From this brief survey of the origins of the lay charitable associations founded by St. Vincent, it is true to say that the diverse branches of the Vincentian Family find their source or roots in the personal activity of the saint. All was prefigured in it. The passage of time will go on giving birth to new types of organisation, to new initiatives, but all of them will receive their life-giving sap from the tree planted by St. Vincent.
We lack sufficient data to follow the evolution of these associations, and in particular, of the Confraternities of Charity, during the century and a half following the death of St Vincent up to the French Revolution. We do know that they continued to be founded systematically in the missions preached by the missioners of the Vincentians in France and in other European counties like Italy and Poland. It is hard to understand why they were not founded in Spain in spite of the fact that the Congregation of the Mission itself was founded there in 1704.
II. The Rebirth of the Vincentian Laity in the 19th Century
The French Revolution brought about the total suppression of the great system of public assistance invented and set in motion by St. Vincent. Nothing remained in place. The Confraternities, like all the ecclesiastic institutions which did not submit to the schismatic revolutionary purpose, were suppressed and their goods appropriated.

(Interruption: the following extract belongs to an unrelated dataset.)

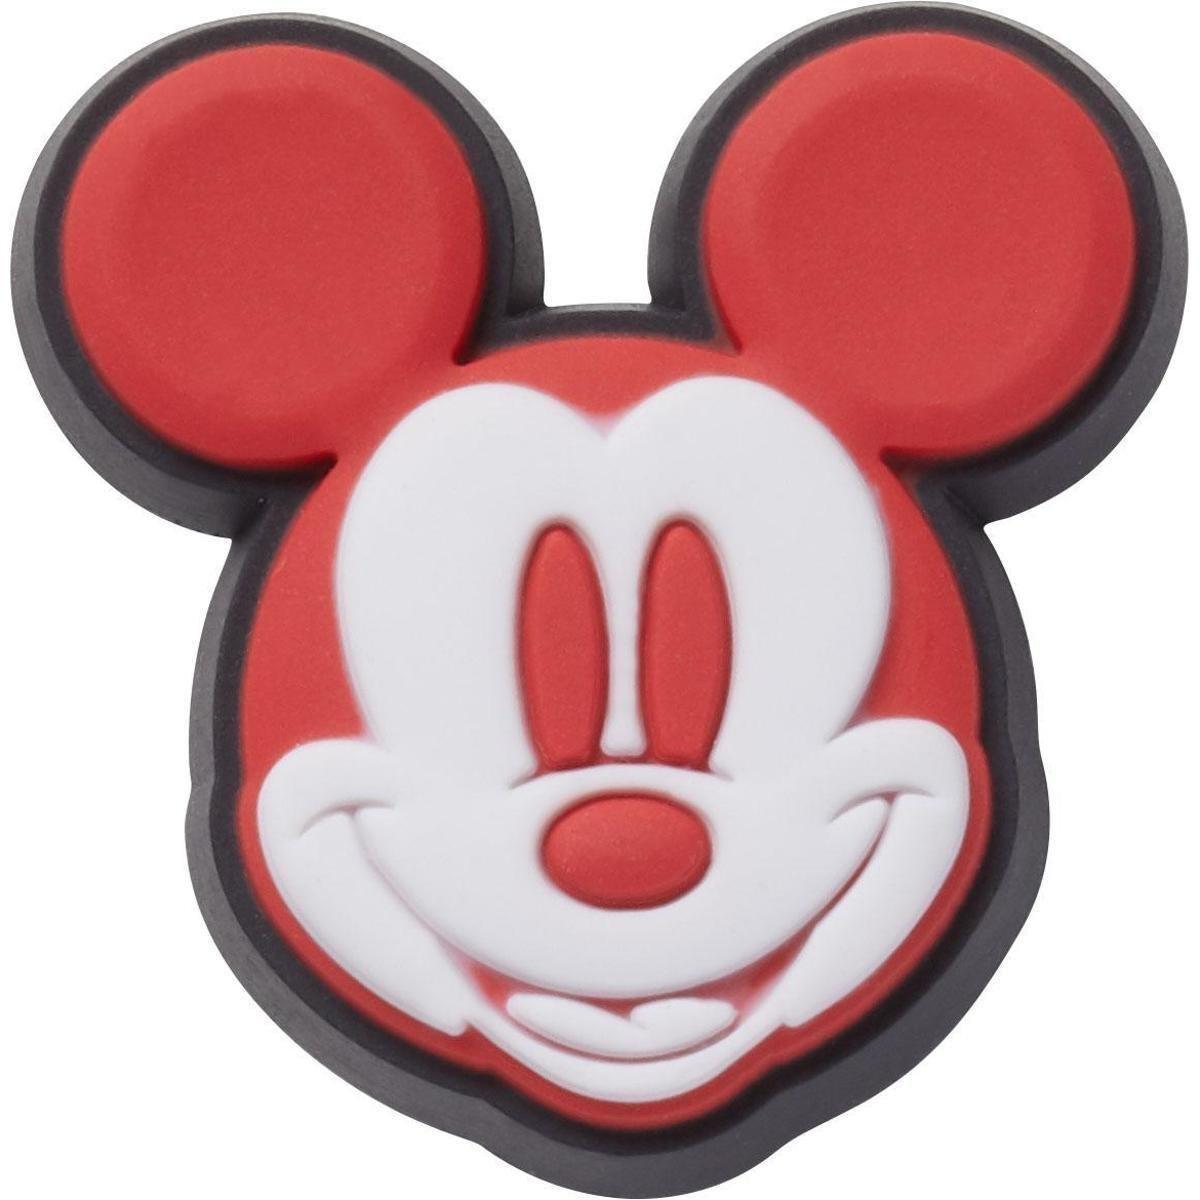 Jibbitz Crocs Disney Mickey Mouse

When the Restoration came, the splendid flowering of Vincentian Charity was reduced to ashes. But then, it began to peoduce a rebirth of itself which allows us to describe the history of the Vincentian Family as a continuous renewal. The years between 1830 and 1840 constitute a period which could be described as sirnply astonishing.
As I understand it, at the base of this rebirth one must acknowledge two events; one planned by men, and the other by Divine Providence.

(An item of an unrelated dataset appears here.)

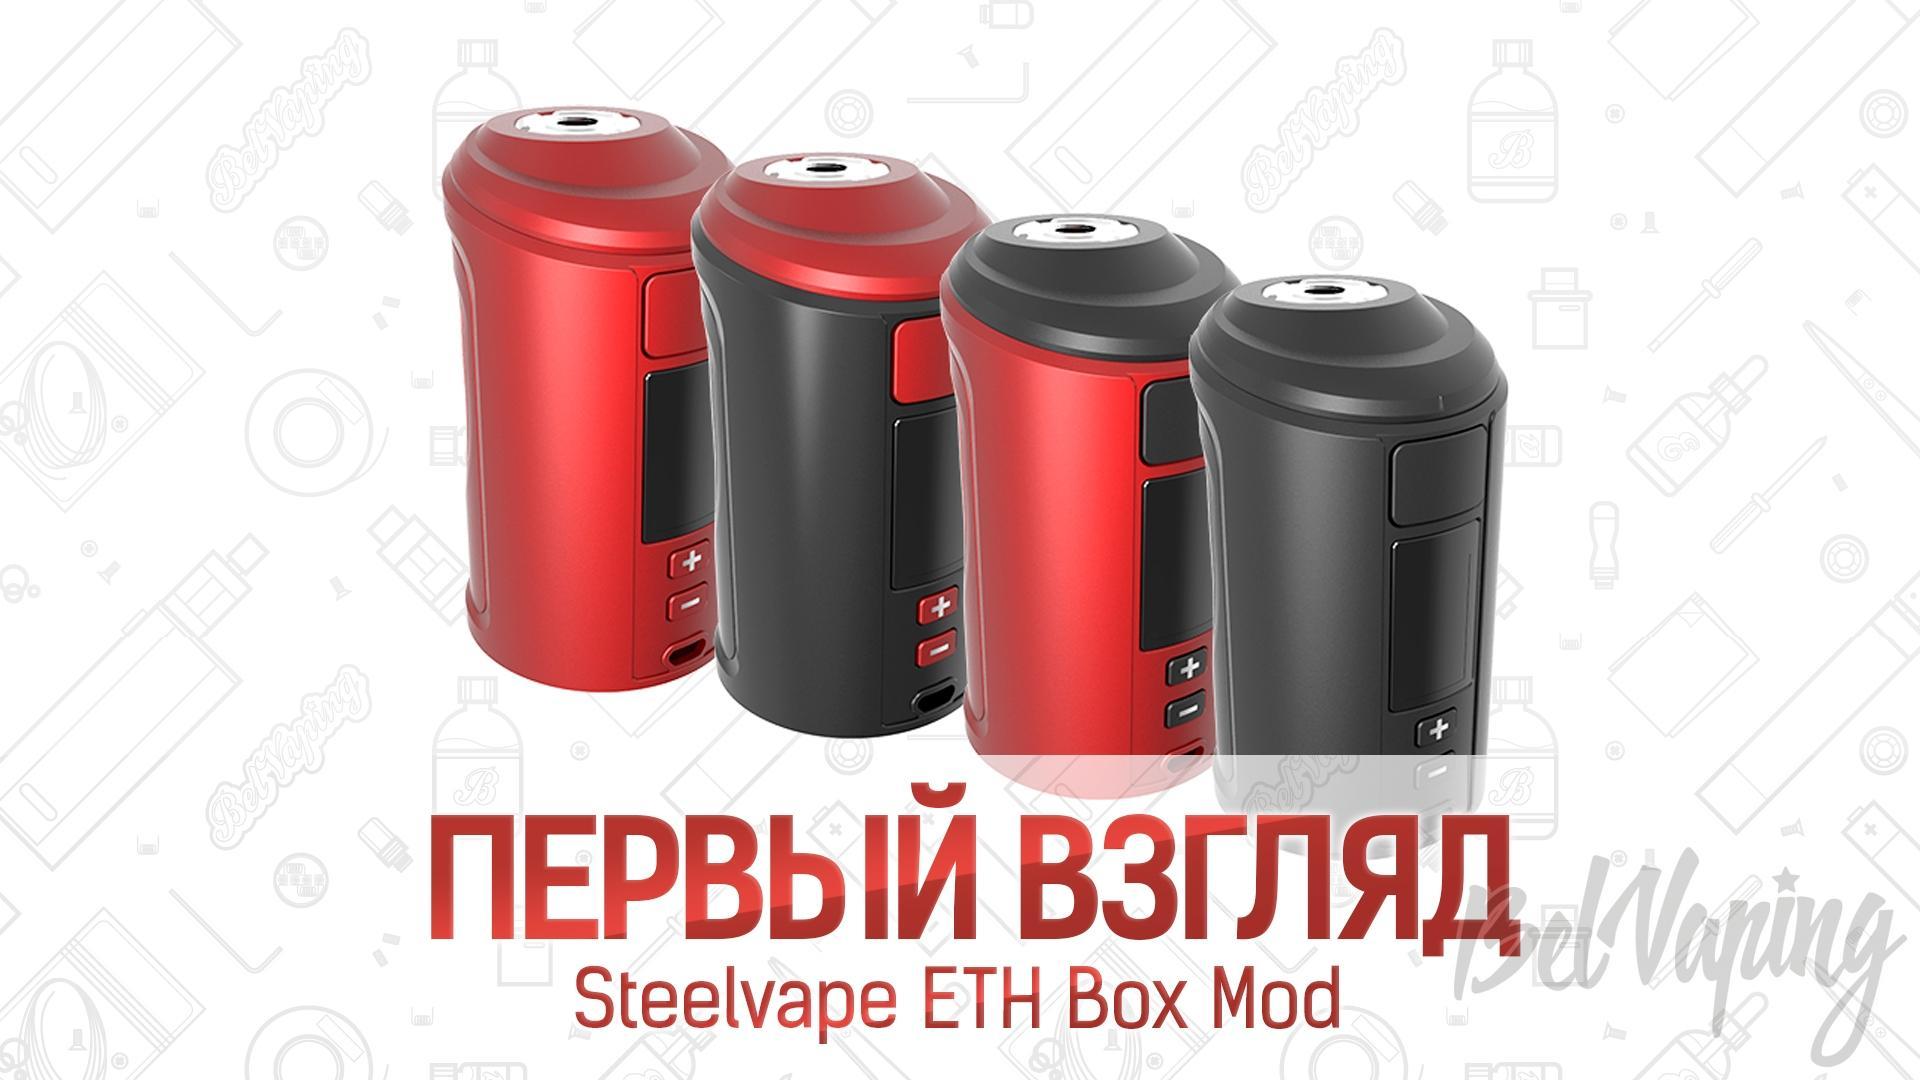 Steelvape ETH Box Mod. Первый взгляд

The one planned by men was the translation of the relics of St. Vincent to the new mother-house of the Congregation of the Mission recently restored, which took place on the 25th of April 1830. Tbe Archbishop of Paris accompanied by a numerous representation of French bishops, the King, Charles X, and the whole Royal Family came to venerate the remains of the humble Founder of the Mission. The Vincentians and the Daughters of Charity interpreted it as the return of the founder to the bosom of his family. With his presence, the restoration of the tw communities was finally accomplished. St. Vincent became the fashion, if such an expression is fitting, and the numerous biographies of the saint published during those years, as well as other things, bear wittness to this fact.
The providential event was the Apparitions of the Miraculous Medal which took place between July and November of the same year. The Vincentian Family recovered the awareness that their vocation was still alive and cherished by God. Still more they realised that they were specially favoured by the Mother of God and under her special protection.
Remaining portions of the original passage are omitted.